It was much more difficult to deal with the Hanseatic League than with the Venetians. The treaty of Utrecht gave English merchants the same rights in the Baltic as Hanse merchants enjoyed in England, but these rights in the Baltic were withheld. Until England had built an adequate navy nothing could, however, be done; and English merchants were forced, from fear of the sea power of the League, to acquiesce in a policy of masterly inactivity. Indeed an Act was passed in the reign of Henry VII. expressly exempting Hanse merchants from any restrictive commercial legislation which Parliament might pass. But even the commerce and sea power of the Hanse League, lacking the only sure foundation of national production, contained within itself the seeds of decay. At least the foundation of England's Tudor navy was laid in the reign of Henry VII. and the first dry dock was constructed, although it was left for other Tudors to build on this foundation. A way into the Baltic was also opened by the treaty with Denmark in 1490; and through this entrance English ships sailed ultimately to wrest from Germans the commerce of the League.

XVI

SPAIN ENTERS INTO TRADE COMPETITION

1490-1509

THE greatest problem which confronted Henry was the phenomenal growth of Spain. Until 1479 Spain was divided into two large Christian States, Castile and Aragon, the small Mahomedan kingdom of Granada, and the still smaller Christian State of Navarre. Though Castile was three times the size of its eastern neighbour Aragon, this difference was partly compensated by the Aragonese possessions in the Mediterranean, Corsica and Sardinia, and by the control Aragon exercised over Sicily. The union of Castile and Aragon under Ferdinand and Isabella, which foreshadowed the absorption of Granada and Navarre, created a Spanish nation which occupied four-fifths of the Iberian peninsula. It seemed only too likely that Portugal, the remaining fifth, would also be permanently absorbed, as, somewhat later, it actually was united to Spain for sixty years.

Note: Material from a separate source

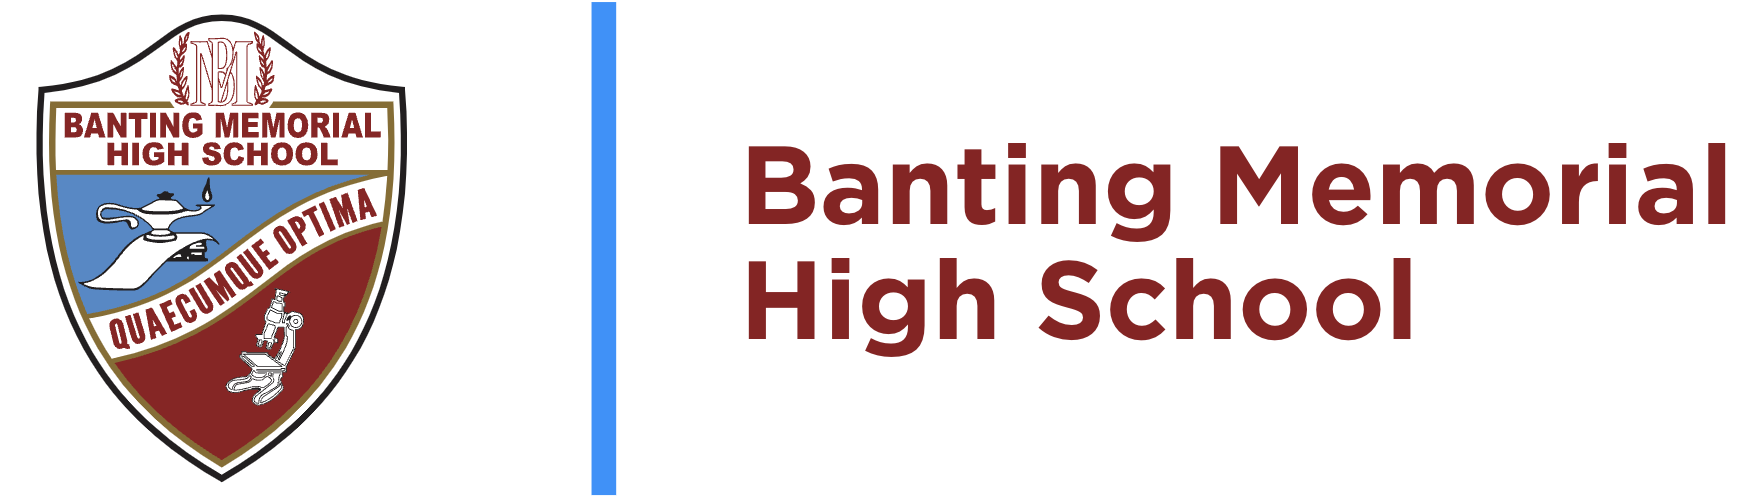 Banting Memorial High School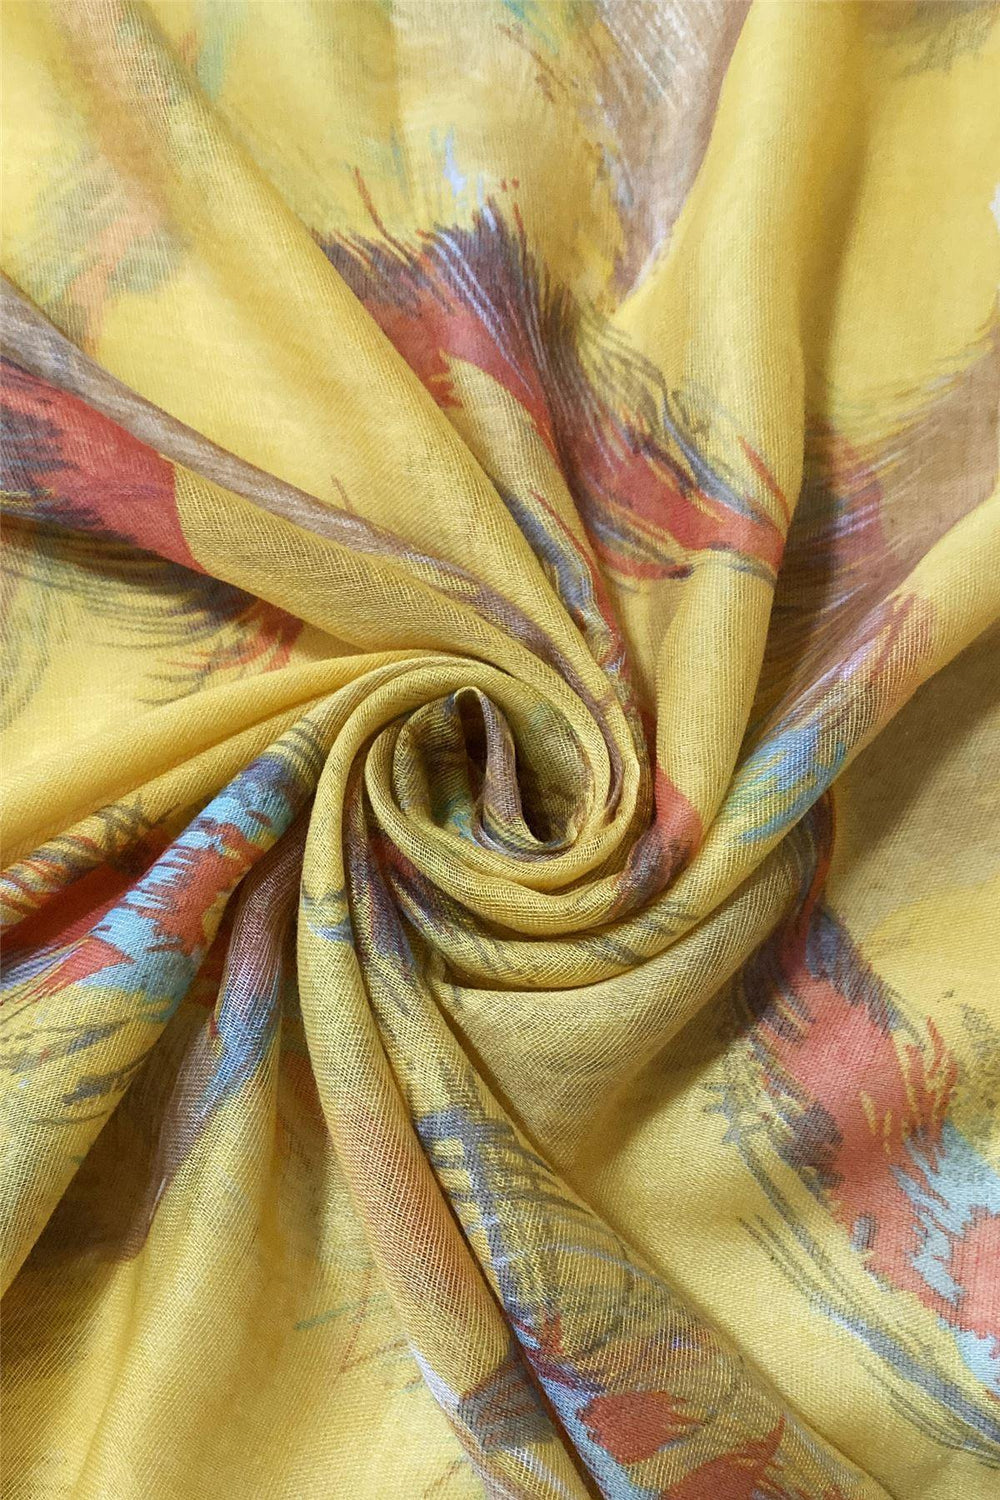 Šála-šátek s Motivem pera, žlutá, 90 cm x 180 cm - Multilady.cz

Before the Catholic kings, Ferdinand, Isabella, and their successors, created national unity by asserting their royal power, Spanish nobles and Spanish Parliaments possessed even greater rights and freedom than the English had before the Tudors centralised

the government of England. There was more religious toleration in Spain than there was in England. Jews and Mahomedans worked side by side with Christians. The Spaniard excelled the English in manufactures, and, after Edward IV. sent the King of Aragon a present of English sheep, the wool of Spain became even finer than that of England. Live sheep had been sent to Spain in the reign of Edward III., but probably through carelessness in breeding Spanish wool was of inferior quality until after the reign of Edward IV. The success of the Portuguese in discovering the gold of Guinea and the sea route to the East was dwarfed when, in 1493, Ferdinand was told by Columbus of the discovery of America. A Pope had given the sanction of religion to the Portuguese monopoly of the sea route to the East and to the lands they had found in Africa. Another Pope, Alexander VI., a Spaniard by birth, gave Ferdinand and Isabella similar rights in the West. In the subsequent histories of Spain and England the effect of economic policy on national growth and national freedom can be clearly traced. Spain neglected her workers, and lost her freedom and colossal strength; whilst by pursuing an opposite policy England became both strong and free.

England could stop Spanish ships from passing Dover and Calais; Spain could exclude the English from the Mediterranean; hence a good understanding was important to both nations. After thirteen years of tedious negotiations Ferdinand's youngest daughter, Catherine, was married to Arthur, the eldest son of Henry VII. and heir to the throne of England. A few

months later Arthur died, and Henry, who was at the time a widower, sought to marry his daughter-in-law. When her mother Isabella vetoed this curious proposal, Catherine was married to her brother-in-law, afterwards Henry VIII.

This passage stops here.